Problem statement:
Give the data again word for word; drop the pictures.

═══ Recorded information ═══

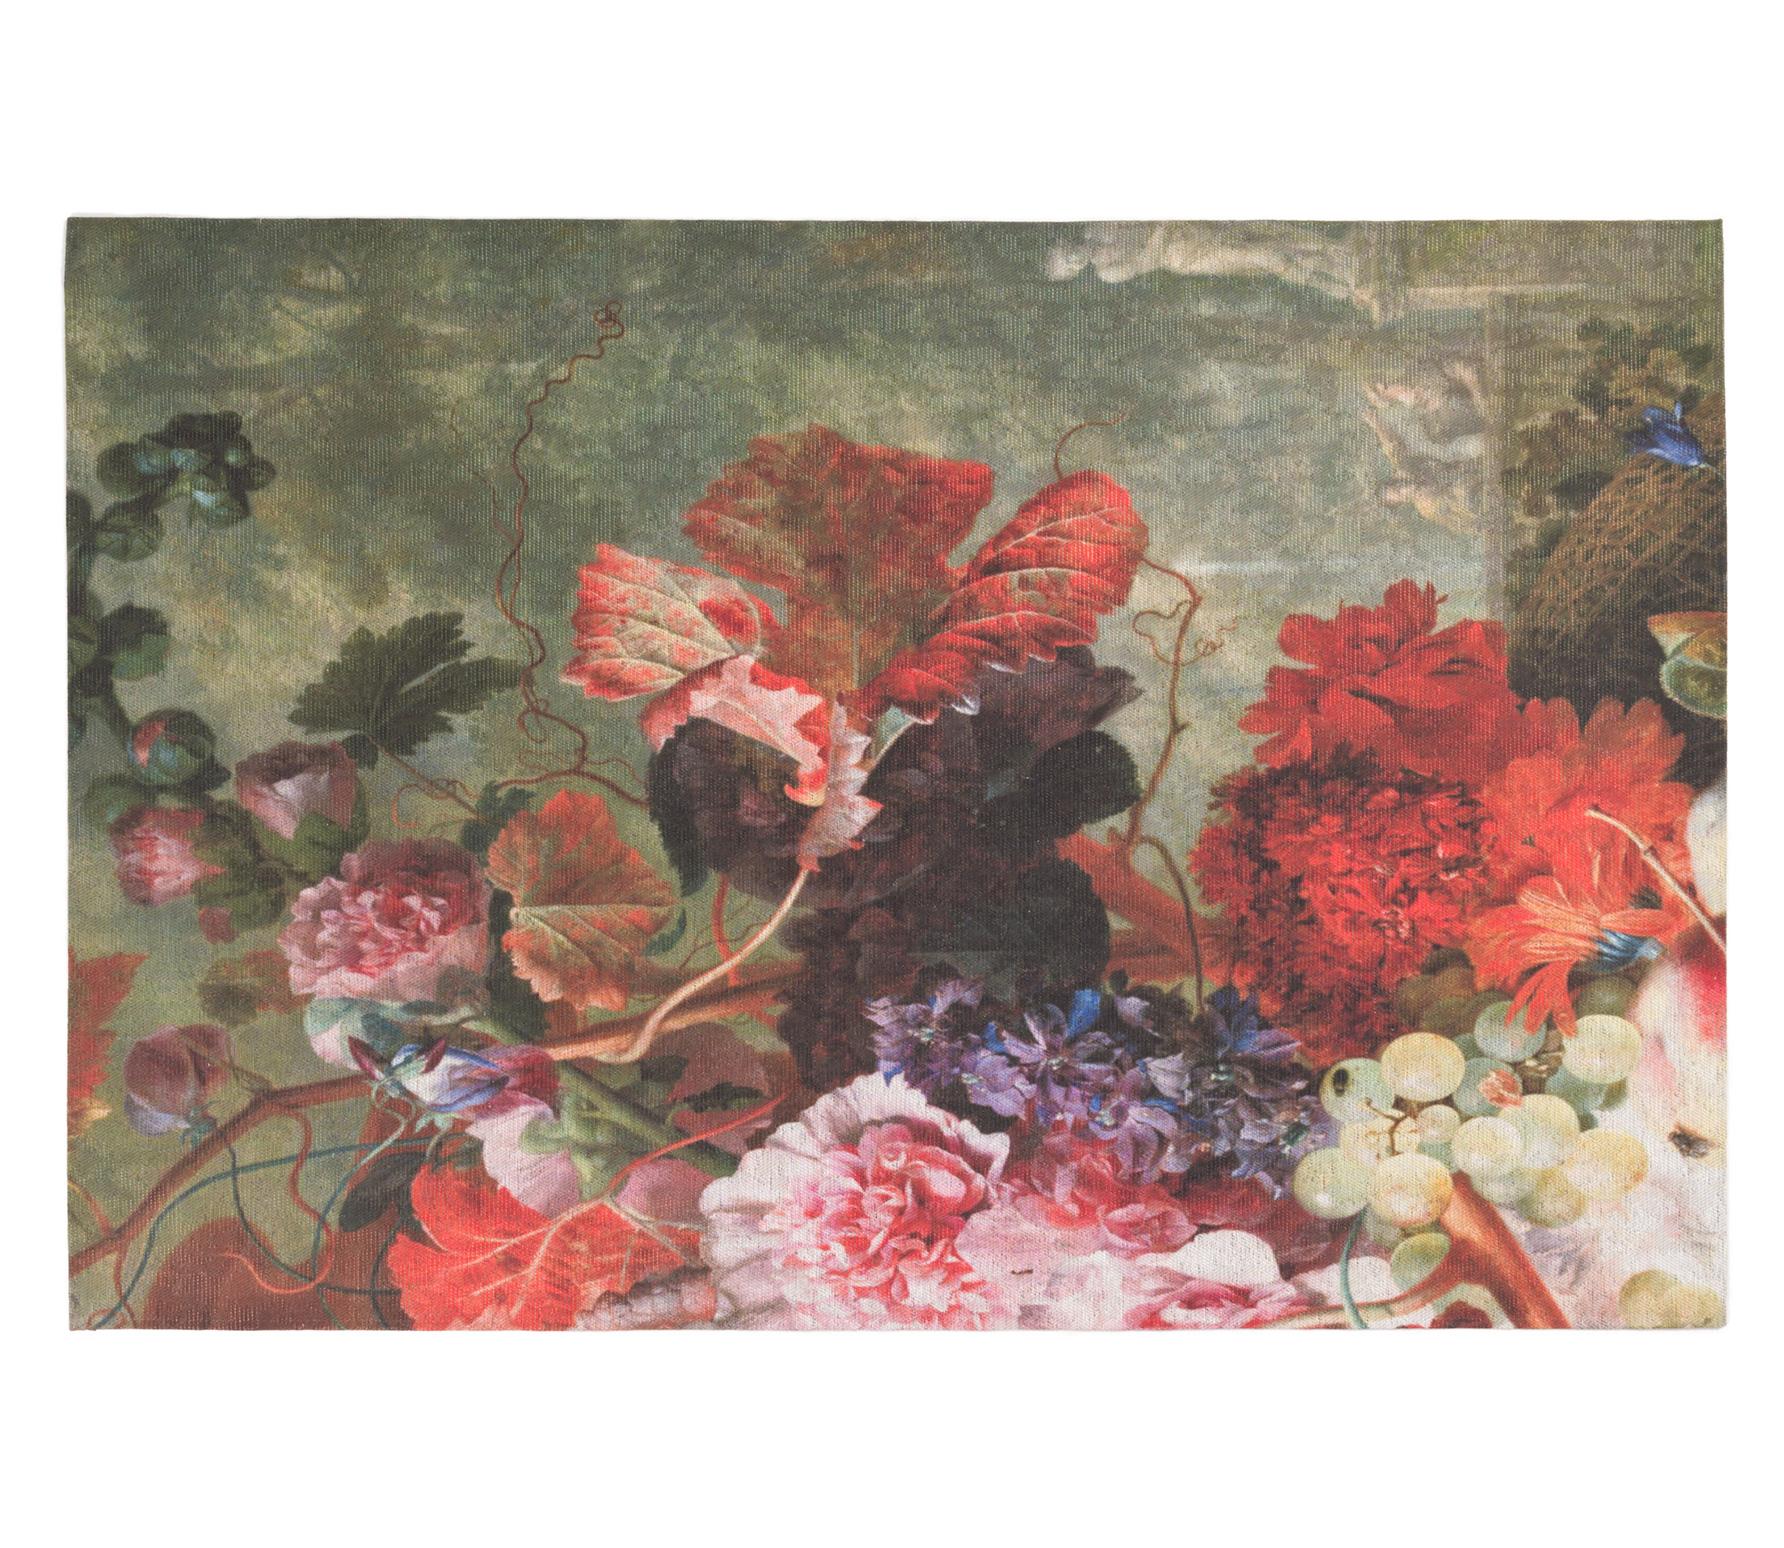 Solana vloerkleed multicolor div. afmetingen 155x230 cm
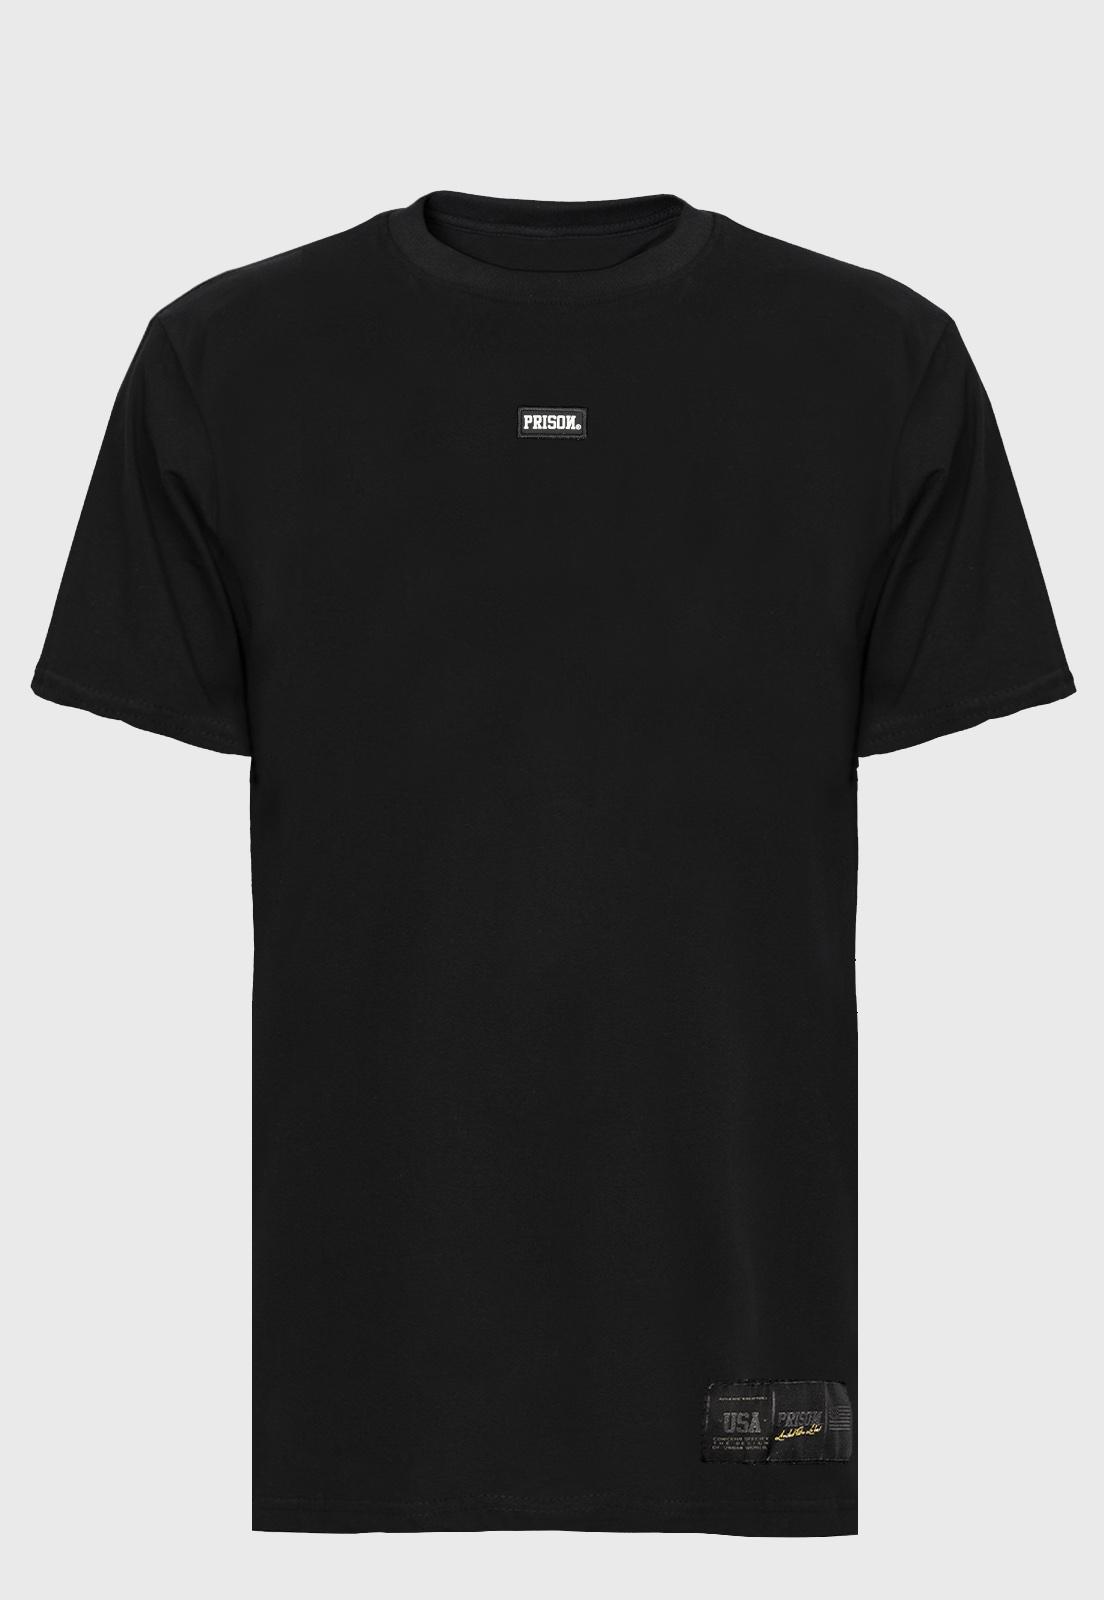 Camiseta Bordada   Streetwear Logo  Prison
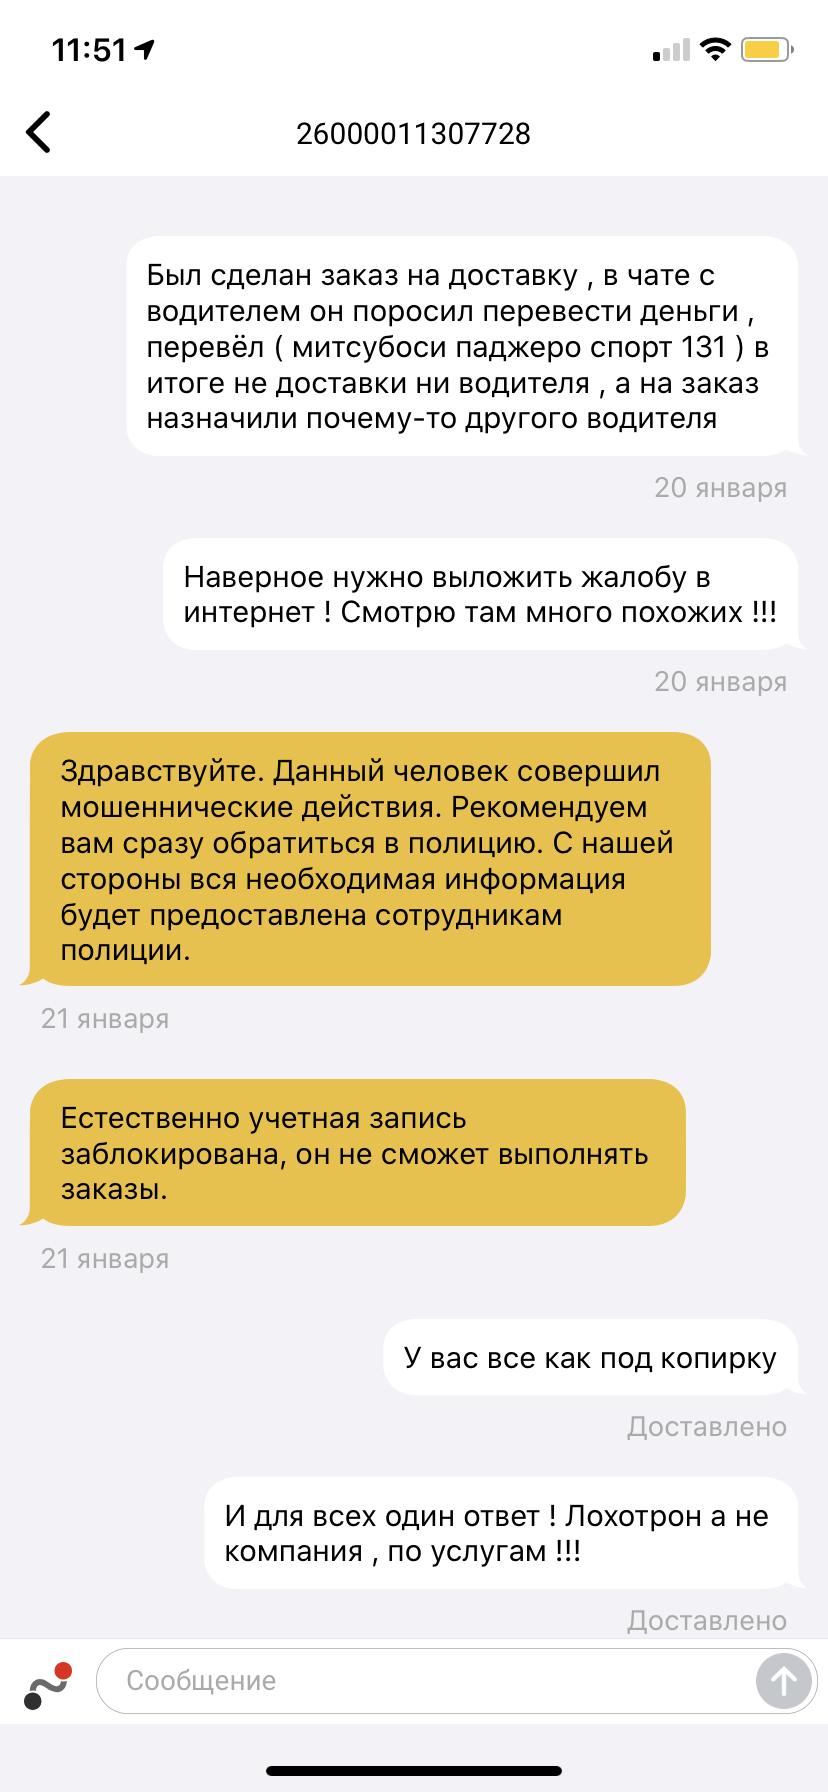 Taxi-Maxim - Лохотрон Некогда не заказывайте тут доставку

═══

Your solution:
 Solana vloerkleed multicolor div. afmetingen 155x230 cm
 Camiseta Bordada   Streetwear Logo  Prison
 Taxi-Maxim - Лохотрон Некогда не заказывайте тут доставку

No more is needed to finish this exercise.